I understand that estimation bias occurs when there is simultaneity between the dependent and independent variable, but I’m not sure if I understand completely how to identify it. I have been reading Introductory Econometrics (Wooldridge) where there are interesting examples of how to identify and deal with simultaneous equation models when the market clears or when a company has a monopolistic position.

Since I cannot find an example of simultaneity when an individual is trying to maximize profit, I proposed the following problem, but I’m not sure if my analysis is right.

The problem

Suppose I have a house that I rent by the week, and I want to find the price that maximizes my profit. In the last ten years, I have been tracking the price I was asking every week and whether the house was rented i.e. I have a record of 52x10 weeks.
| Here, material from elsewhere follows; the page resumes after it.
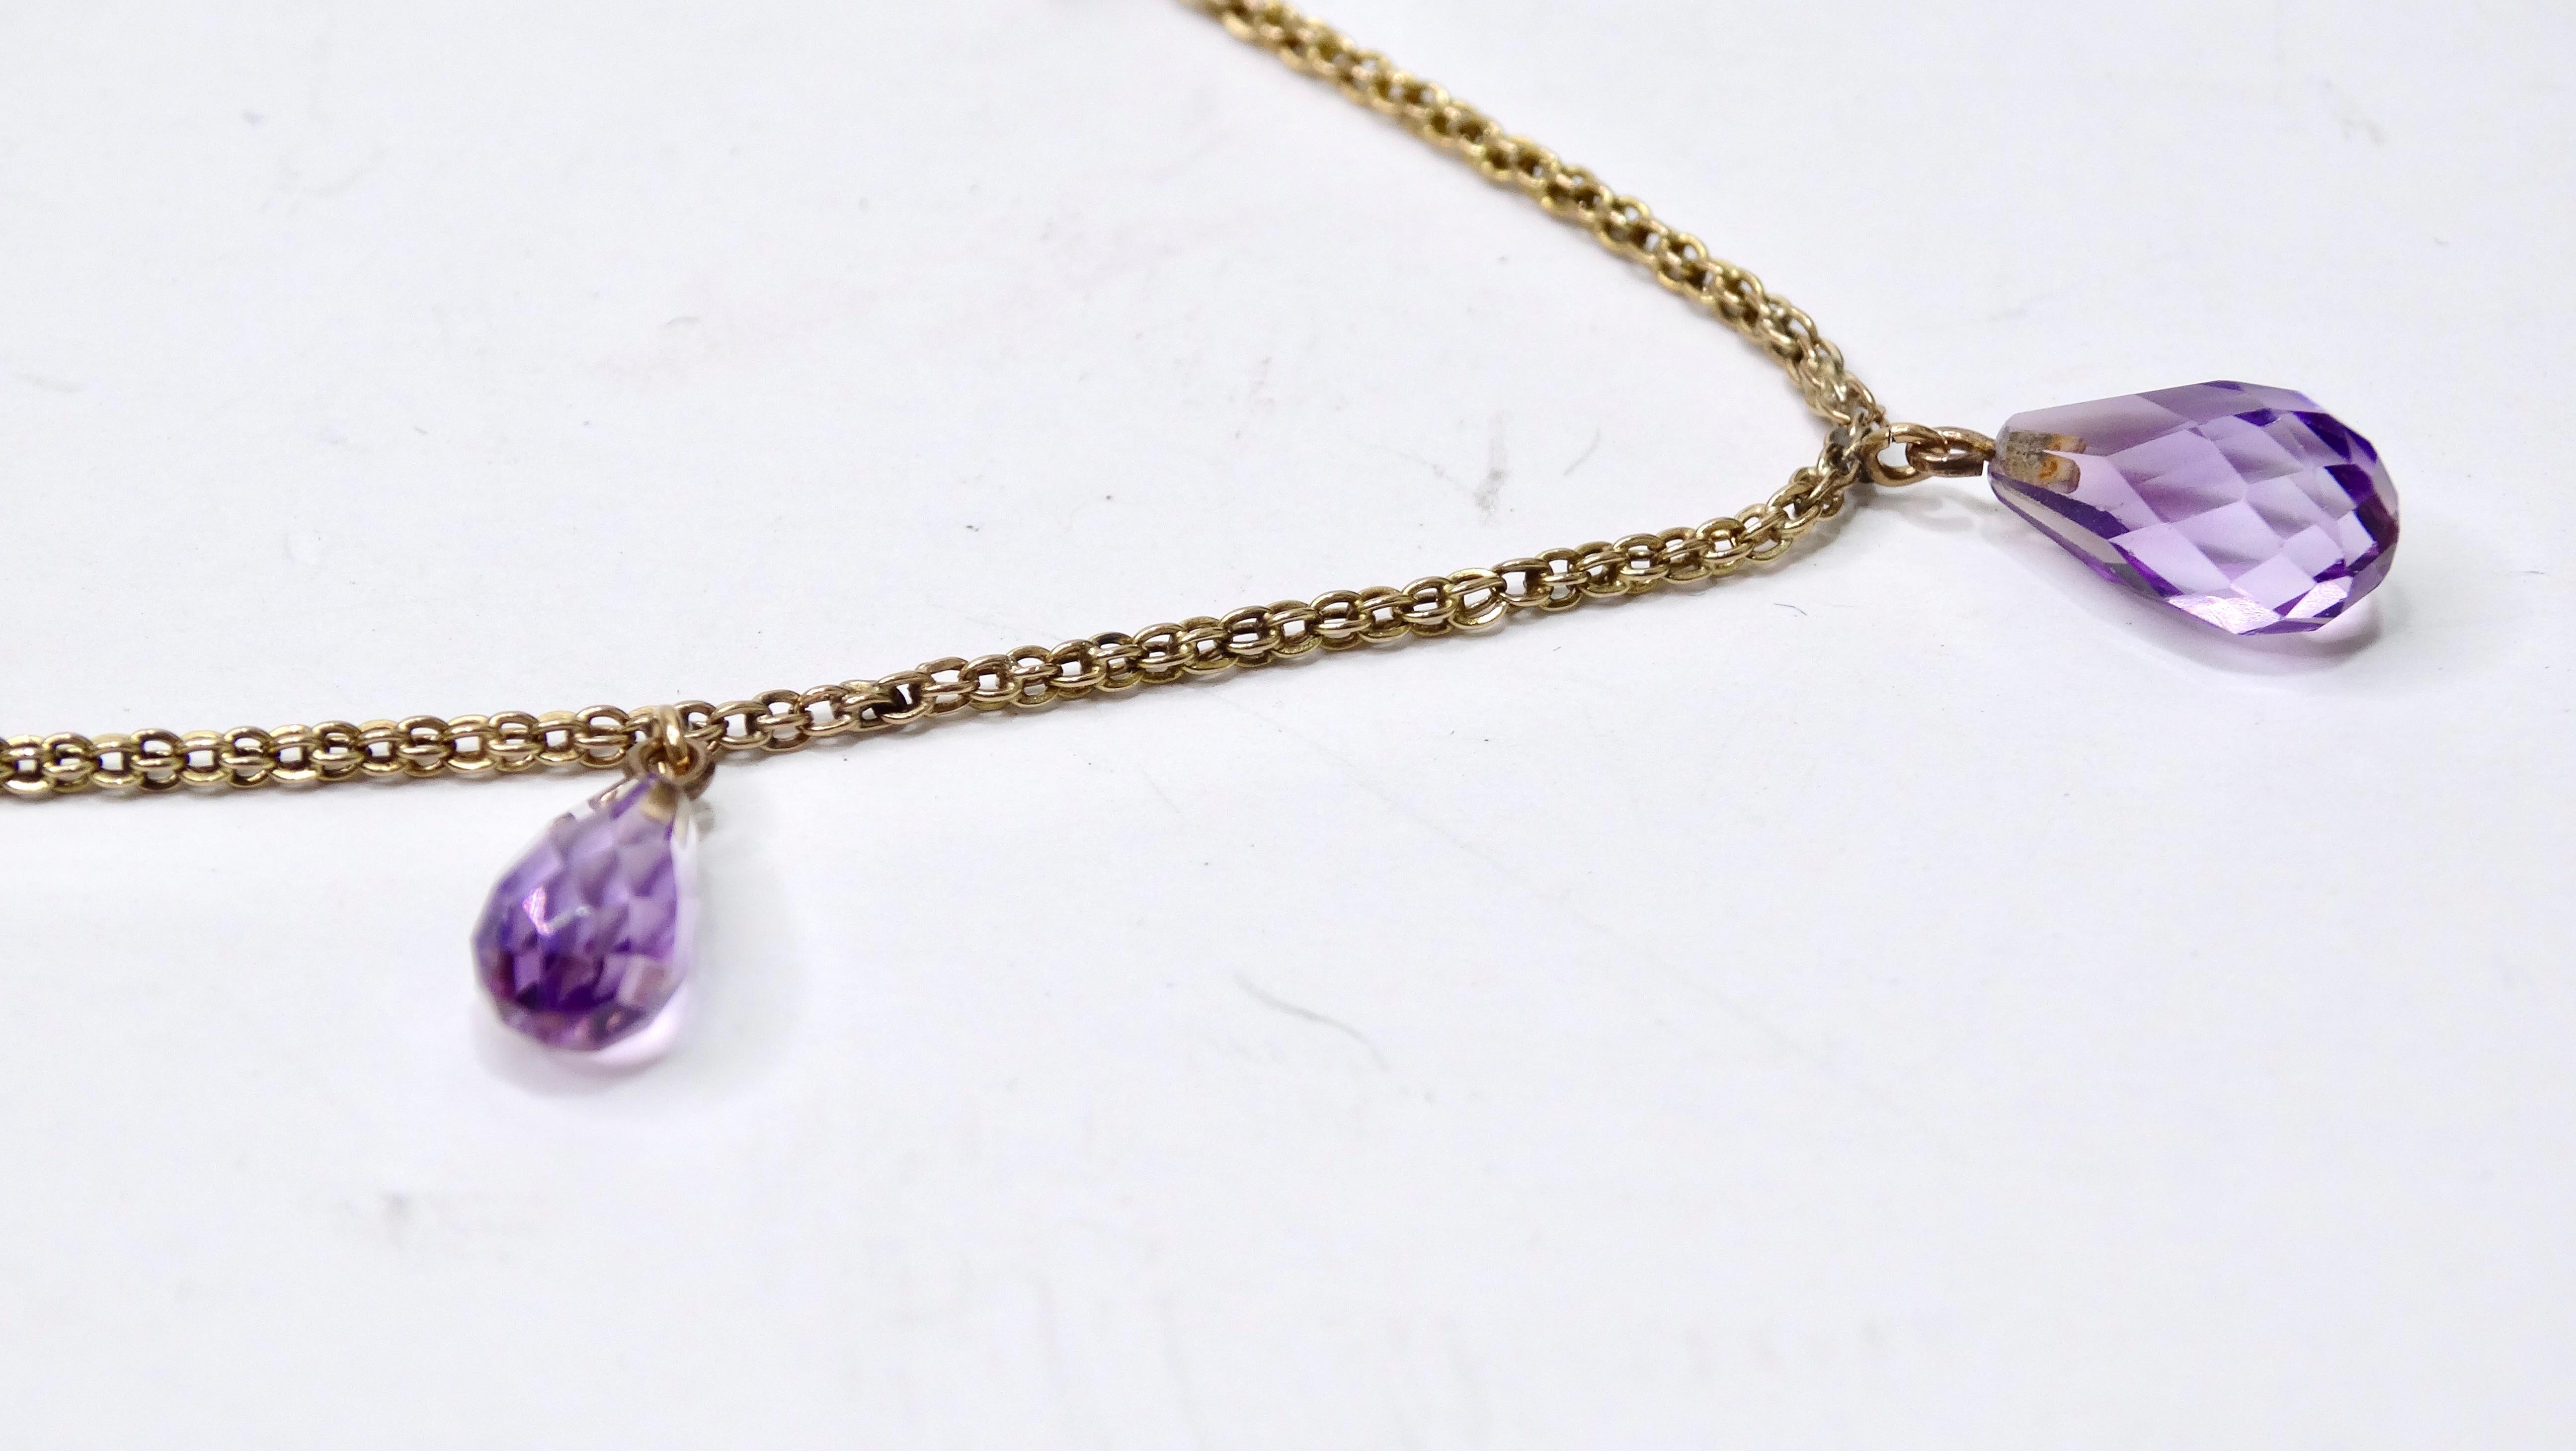 14k Gold and Amethyst Teardrop Necklace For Sale 2

With this information, I can run the following simple model to estimate the probability my house will be rented at a price and then use this information to maximize my profit:

$$rented_i = \beta_0 + price_i \beta_1 + dm_2 m_{i2} +\dots + dm_{12} m_{i12} +u_t$$

where

$$i \in [1\dots 520]:$$ weekly observation for the last ten years

$$rented_i:$$ 0 = not rented, and 1 = rented

$$price_i:$$ asking price

$$m_{i2} \dots m_{i12}:$$ month of the year dummy

The questions

a) If I randomly set the price, I understand that $$price$$ variable is exogenous as I don’t adjust it based on previous occupancies. Is this correct?

b) If set the price based on previous occupancies, would I still be able to consider price exogenous? If I run OLS, I’m incurring in simultaneity bias as $$price$$ -> $$rent$$ -> $$price$$. Is this correct?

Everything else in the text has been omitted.